The comma (,) is the only operator we haven’t introduced yet. It evaluates its operands in order, and the result is the value of the right operand. For example, (f(a), f(b)) first evaluates f(a) and then f(b); the result is the value of f(b). Be aware that the comma character plays other syntactical roles in C that do not use the same convention about evaluation. For example, the commas that separate initializations do not have the same properties as those that separate function arguments.
The comma operator is rarely useful in clean code, and it is a trap for beginners: A[i, j] is not a two-dimensional index for matrix A, but results in A[j].
Don’t use the , operator.
Other operators don’t have an evaluation restriction. For example, in an expression such as f(a)+g(b), there is no pre-established order specifying whether f(a) or g(b) is to be computed first. If either the function f or g works with side effects (for instance, if f modifies b behind the scenes), the outcome of the expression will depend on the chosen order.
Most operators don’t sequence their operands.

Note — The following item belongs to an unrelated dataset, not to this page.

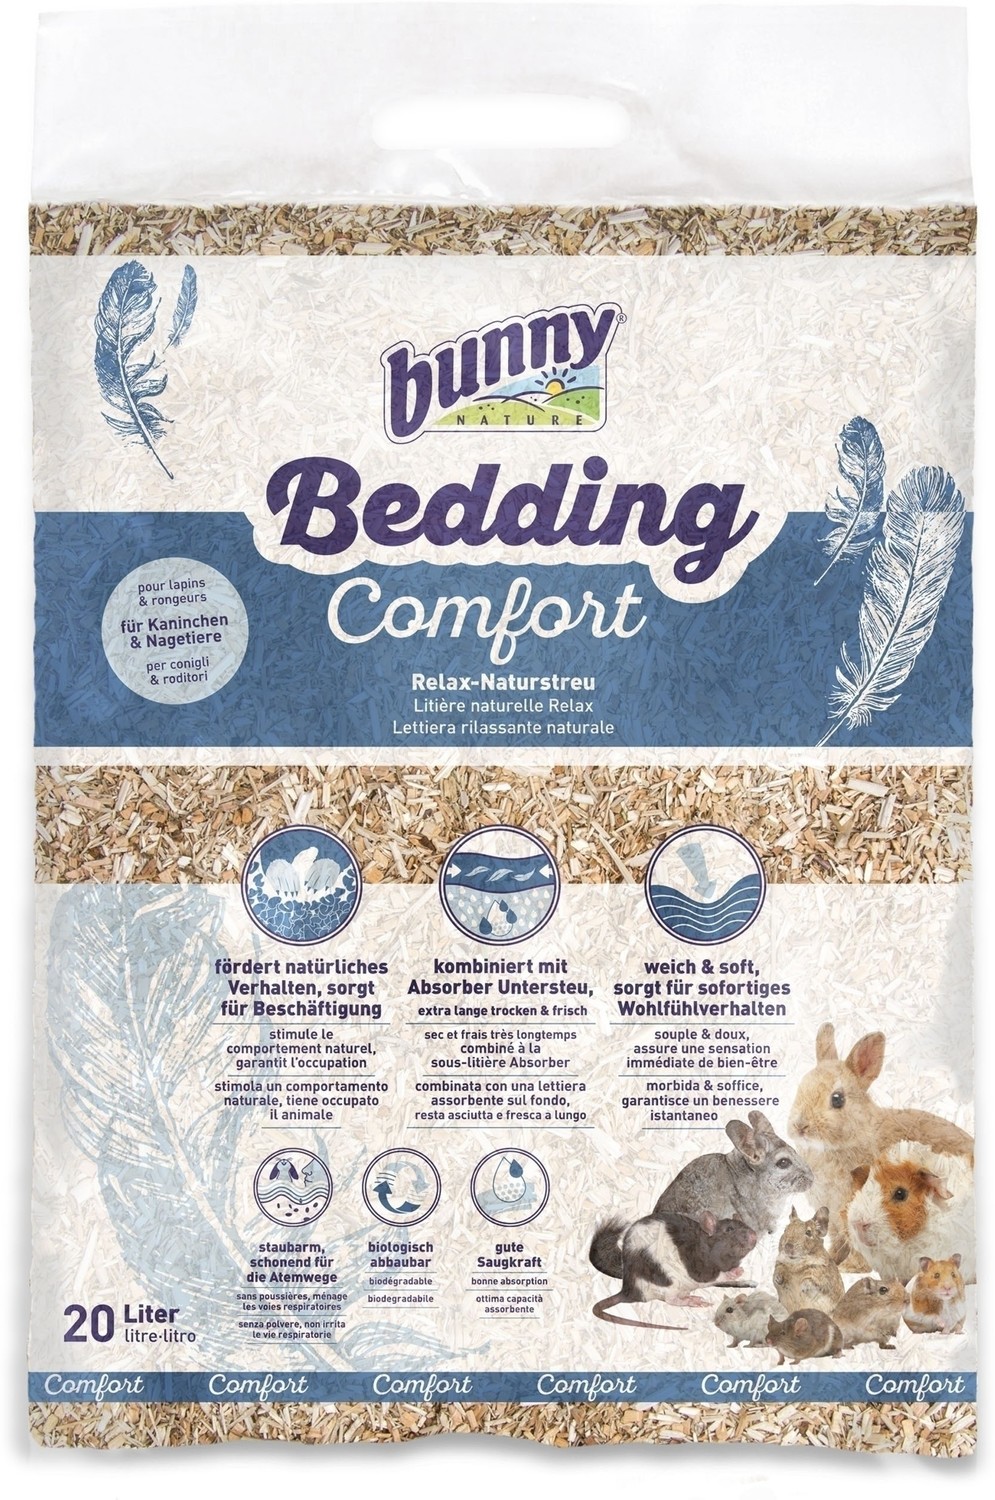 bunnyNature Bedding Comfort
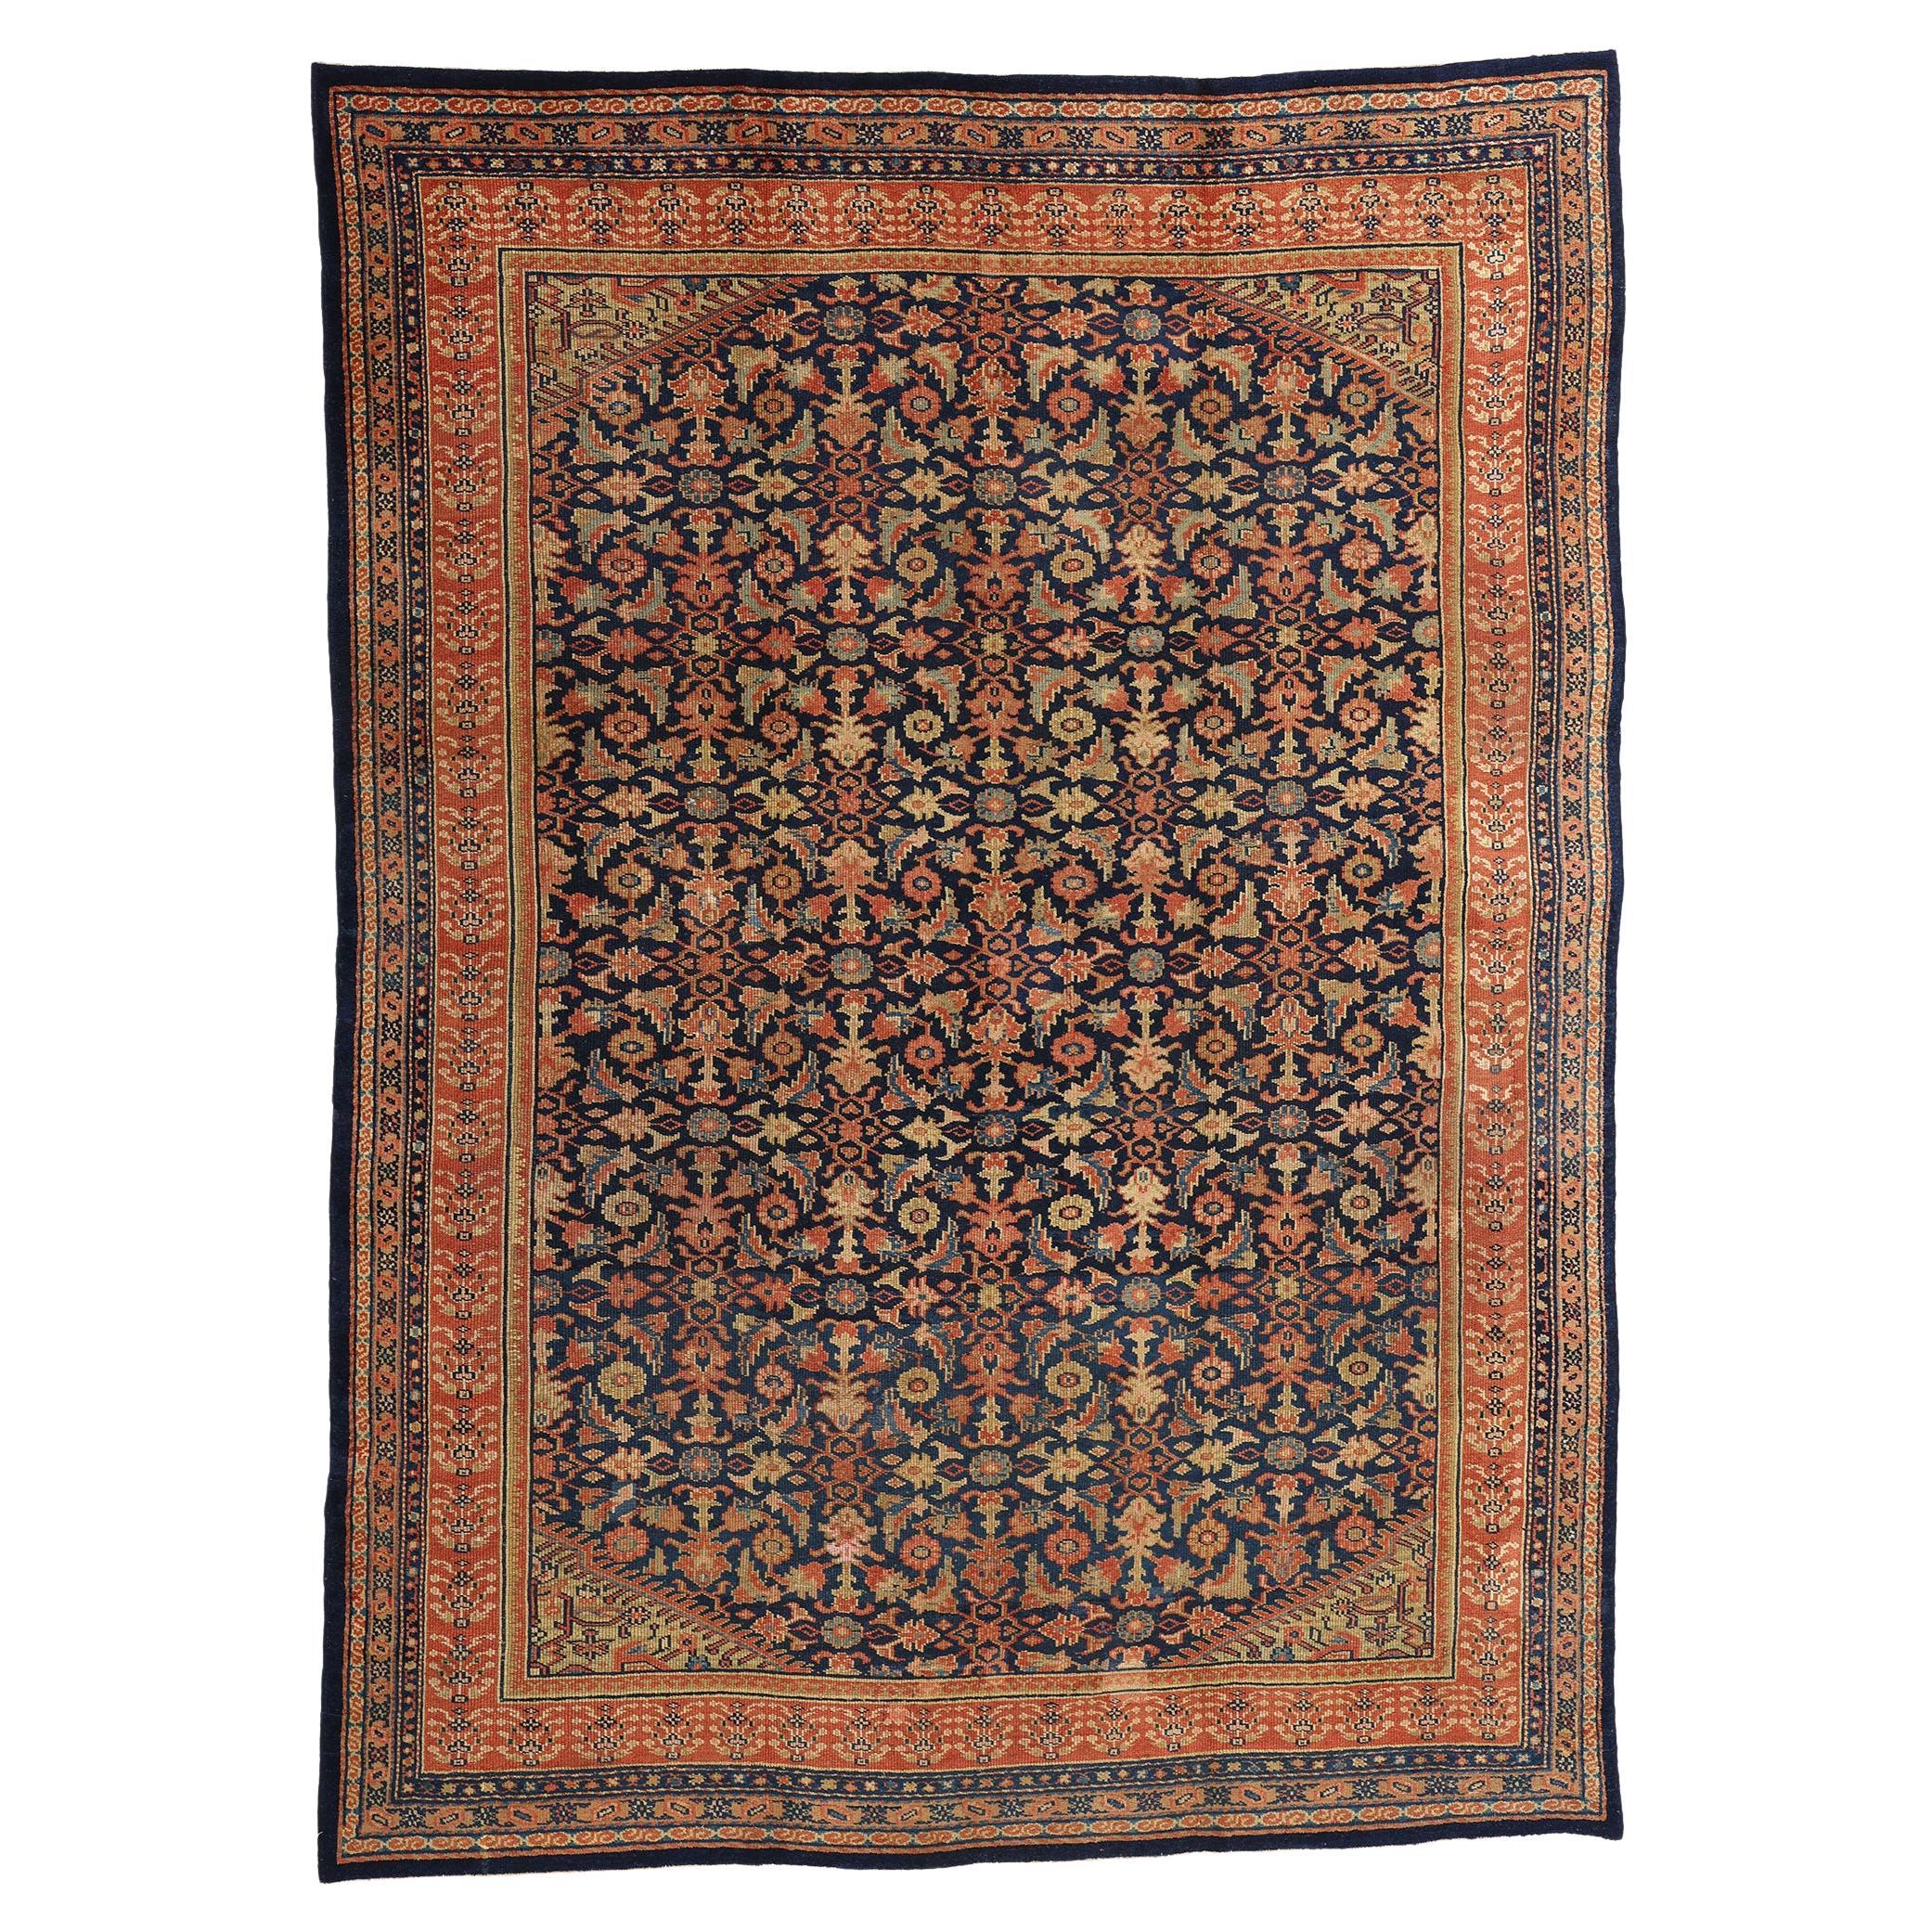 Late 19th Century Distressed Antique Navy Blue Persian Kurdish Carpet

That order may depend on your compiler, on the particular version of that compiler, on compile-time options, or just on the code that surrounds the expression. Don’t rely on any such particular sequencing: it will bite you.
The same holds for function arguments. In something like
printf("%g and %g\n", f(a), f(b));
we wouldn’t know which of the last two arguments is evaluated first.
Function calls don’t sequence their argument expressions.
The only reliable way not to depend on evaluation ordering of arithmetic expressions is to ban side effects:
Functions that are called inside expressions should not have side effects.
The Union-Find problem deals with the representation of partitions over a base set. We will identify the elements of the base set using the numbers 0, 1, ... and will represent partitions with a forest data structure where each element has a “parent” that is another element inside the same partition. Each set in such a partition is identified by a designated element called the root of the set.
We want to perform two principal operations:
C also has a concept called a union, which we will see later, and which is completely different than the operation we are currently talking about. Because union is a keyword, we use capital letters to name the operations here.
Can you implement a forest data structure in an index table of base type size_t called parent? Here, a value in the table SIZE_MAX would mean a position represents a root of one of the trees; another number represents position of the parent of the corresponding tree. One of the important features to start the implementation is an initialization function that makes parent the singleton partition: that is, the partition where each element is the root of its own private set.
With this index table, can you implement a Find function that, for a given index, finds the root of its tree?
Can you implement a FindReplace function that changes all parent entries on a path to the root (including) to a specific value?
Can you implement a FindCompress function that changes all parent entries to the root that has been found?
Can you implement a Union function that, for two given elements, combines their trees into one? Use FindCompress for one side and FindReplace for the other.